Thursday, March 04, 2004
quite a but of my class is shifting out. about 10 or so, maybe a little less out of a class of 24.
now that so many are leaving, the class is getting closer, and it feels really sad that we're gonna just go our separate ways.
i just know that some of us will prolly never see each other again, coz well, i'm not exceedingly close to them.
daph and cheryl and hilarious. they said so themselves that they'll leave if they got 7. but they don't want me to go. and they're pissed that we're just gonna separate. so they've been going out of their way to make this 2 weeks memorable. twice they threw my bag into the guys toilet. and i had to get some guys to get them.
aside from that, these couple of days have been rather uneventful. a bunch of classmates have been ponning lessons. i would too, if i can like pass maths(speaking of which, i got a grand total of 5/25 for my maths test).
yup.
chuan: i had mdm kor. she's a great teacher. though her voice is sort of monotonous. well, of those 2 years she taught me, i did less than 30% of the homework. and kept awake for about 40% of the lessons. the rest i'll like nodmy way through the lessons. even in a daze, i'll actually understand what she's talking about, but when i'm awae, i can't seem to remember. just read them myself.
Tuesday, March 02, 2004
if i got my choice, i'll choose..
the friends in NJ.
the campus of HC.
the U of RJ.
but one can never have the best of both worlds, or in my case, the best of 3.

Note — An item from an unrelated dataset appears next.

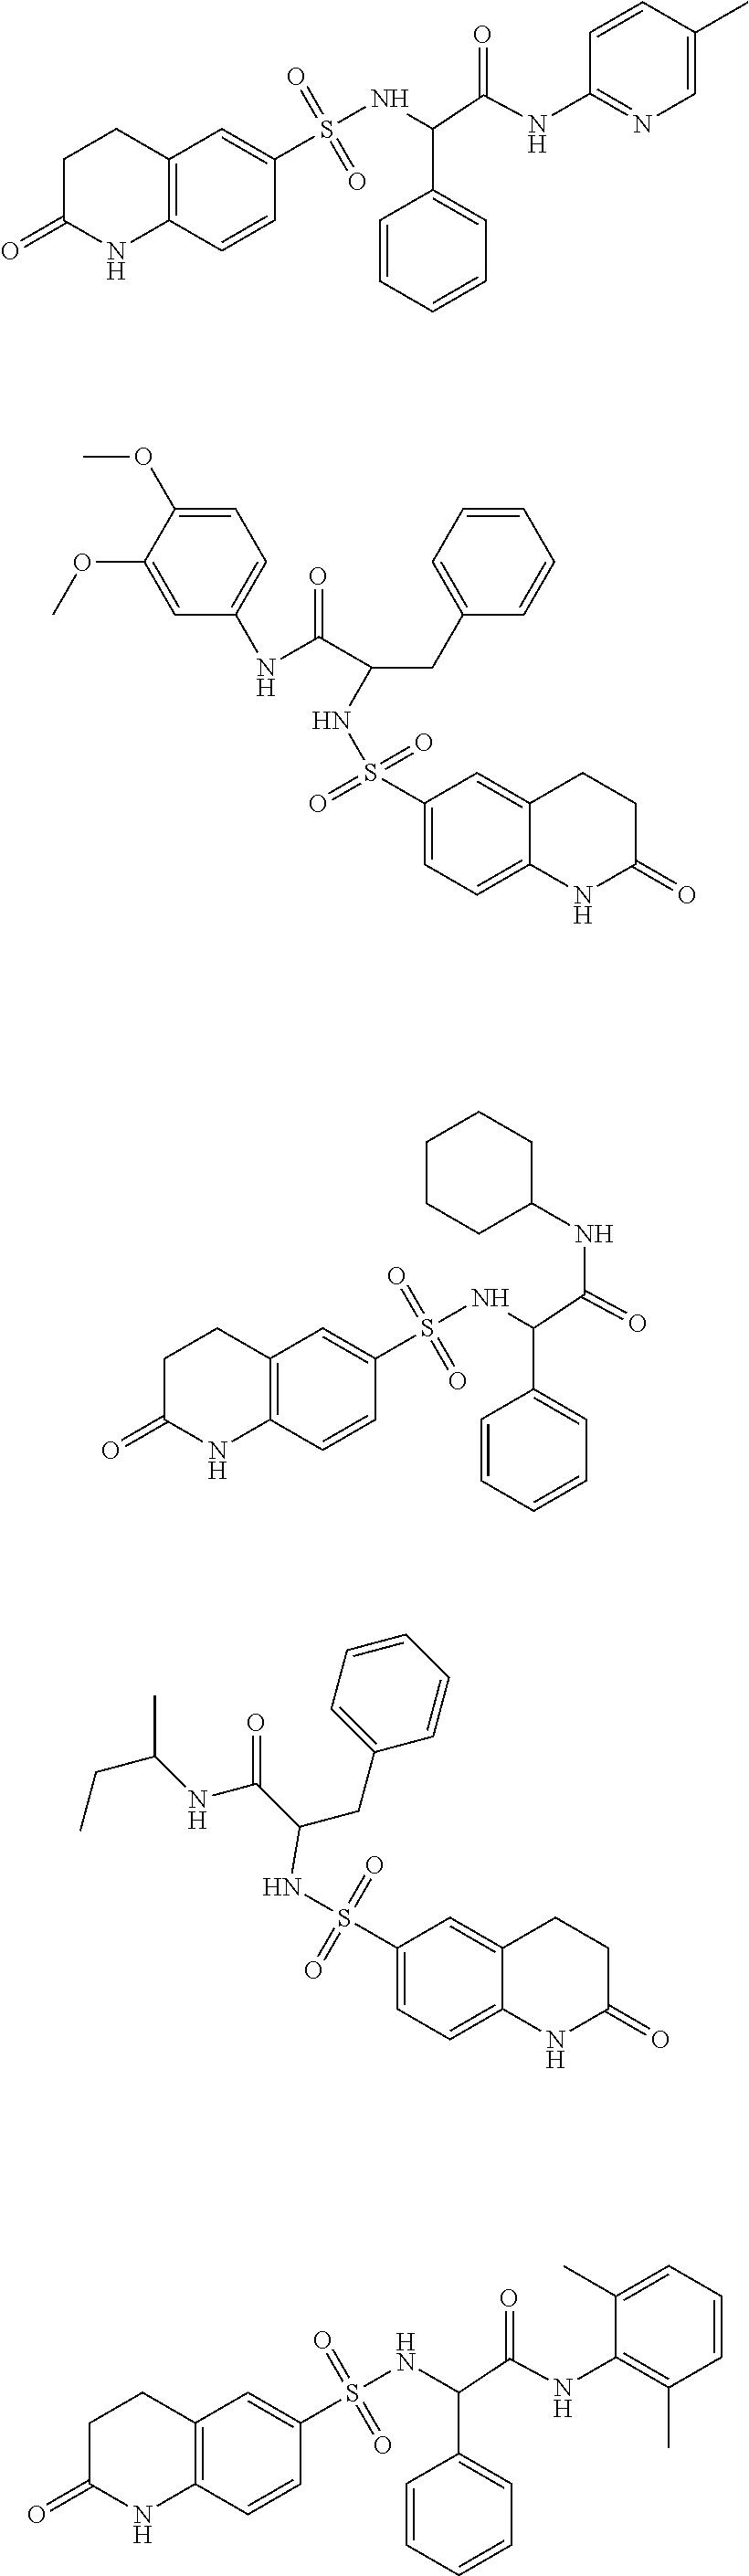 Figure US08957075-20150217-C00012
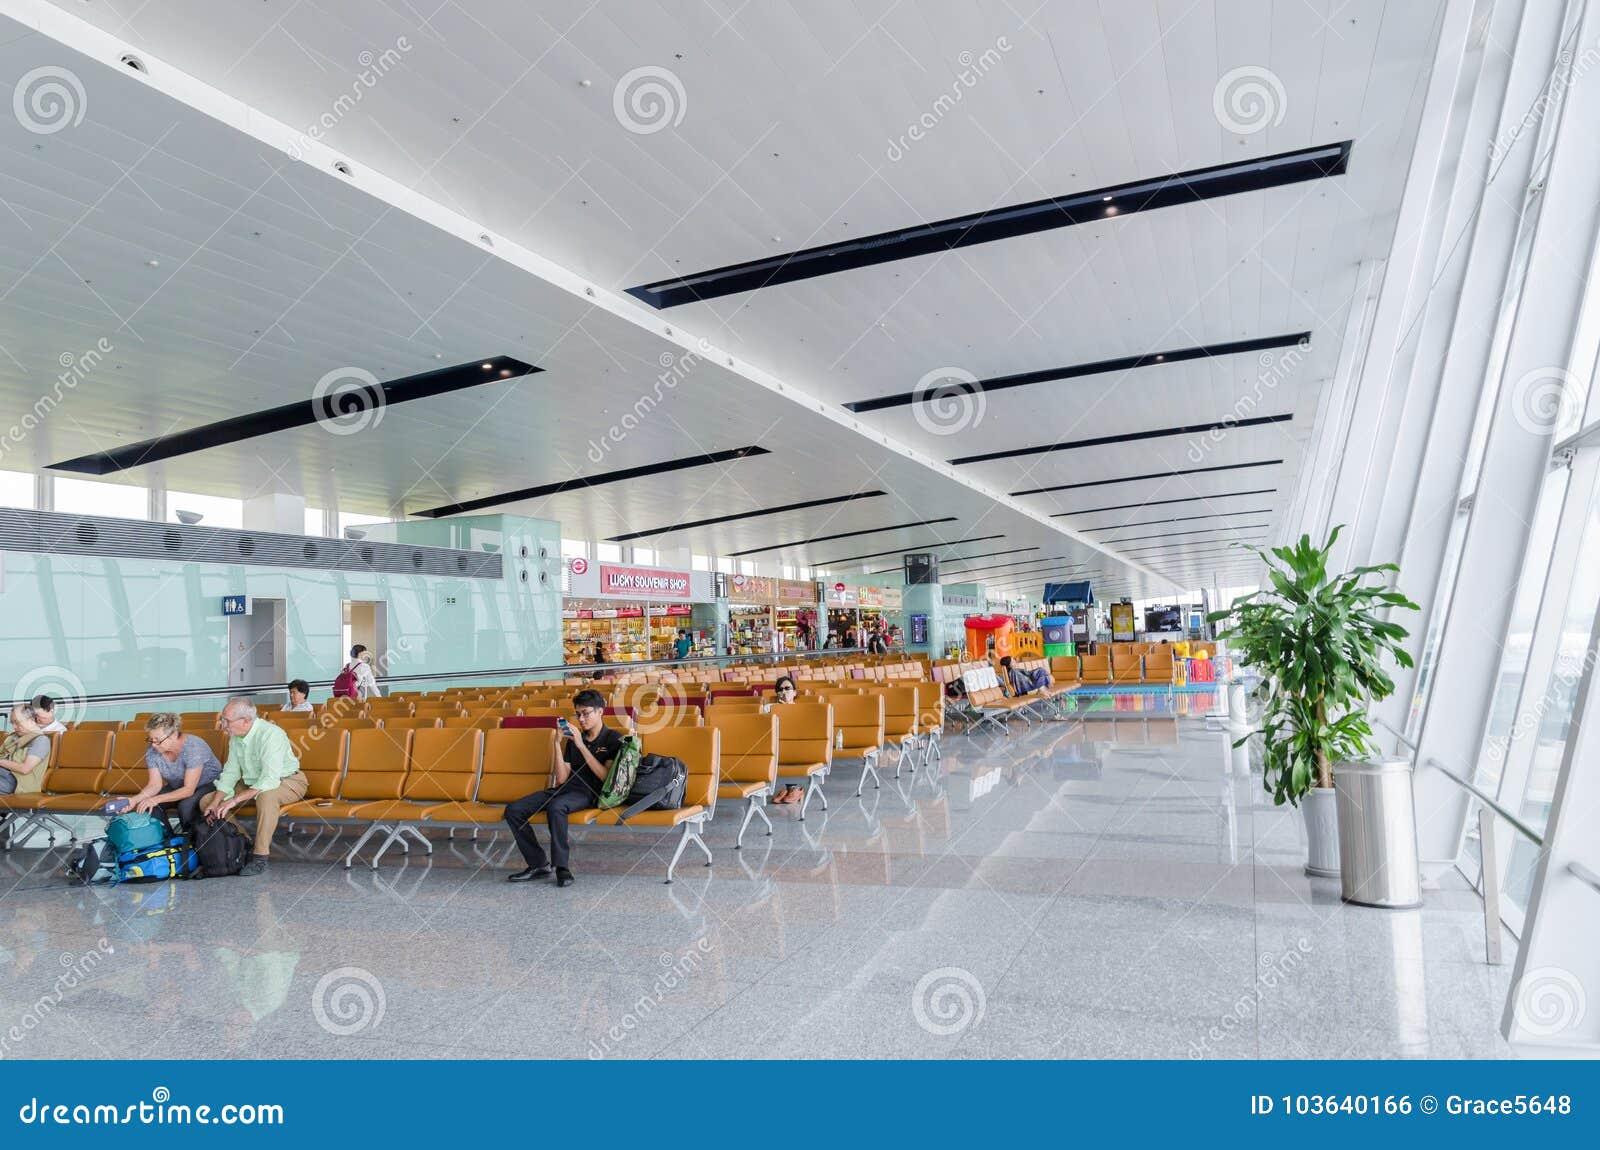 les passagers mettent en bote vu attendant leur vol dans noi bai international airport vietnam

so i've made my decision. sent in my application.
i'm trying for hwa chong. 2nd choice is national. 3rd anderson and 4th st andrew's.
and now? i'm relieved. relieved that i've finally done it.
and i'm actually looking forward now.
Sunday, February 29, 2004
that's it.
it's monday.
it's decision-day.
problem is: i don't think i'm gonna make a decision.
i can't choose.
hwa chong? or NJ?
i was so dead-on NJ from the start. it was like 100%. but with each day's passing, it has dwindled to like 50% or something.
i'm gonna miss the people, the friends, the eldds 2nd audition if i go.
but if i stay, there are the most HORRIBLE teachers. ms stacy tan is great though. and even if i stay, it may not be the same class. afterall, i'm dropping chinese now. and my class prolly isn't.
the max. what if i sit aorund and ponder for ages that i miss the deadline?
sigh. this is terrible.
*beep
i'm nutty today. quoting jy, nuttier than a fruitcake.
i'm sticky. currently waiting for a tv programme.
today was absolutely hilarious.
we got up real late so we went for the 11am mass at holy spirit. had lunch and went grocery shopping.
laughing and crapping with my sis the whole time.
then we rushed back, she had major work to do, so she sat on the couch in my room and began to read her research paper while i lay down to take a nap.
me: sis, don't you envy me? i get to sleep now.
sis: no i don't, coz i'll be really sad when i wake up.
then the phone rang. it was both of my aunts calling to congratulate me. and so they continued talking in monologue while i stood there with my blanket around me waiting for them to put the phone down, uttering monosyllabic answers.
sis: don't you envy me now?
i rang my grandma to tell her the results. actually there was no need. my aunt told my uncle who told my grandma. qouting from my aunt, she says ma-ma has been telling all her friends that she has a really smart granddaughter aka me, who did very well. and that all she thinks of day to night is my results and she's really happy. everyone's waiting for a treat from me. soon, zhao's A level results will be out, and it'll be another round. haha.
i was telling ma-am that my parents were very happy. her answer? yea. especially your dad. he was saying how he expected really bad results coz his daughter(me) is lazy and does not study etc etc. what a laugh.
but i feel very glad. glad to know that my grandma's happy. i'm well-known for being lazy. playful etc. so everyone's happy. i hope zhao does well, then it'll be a great year ahead.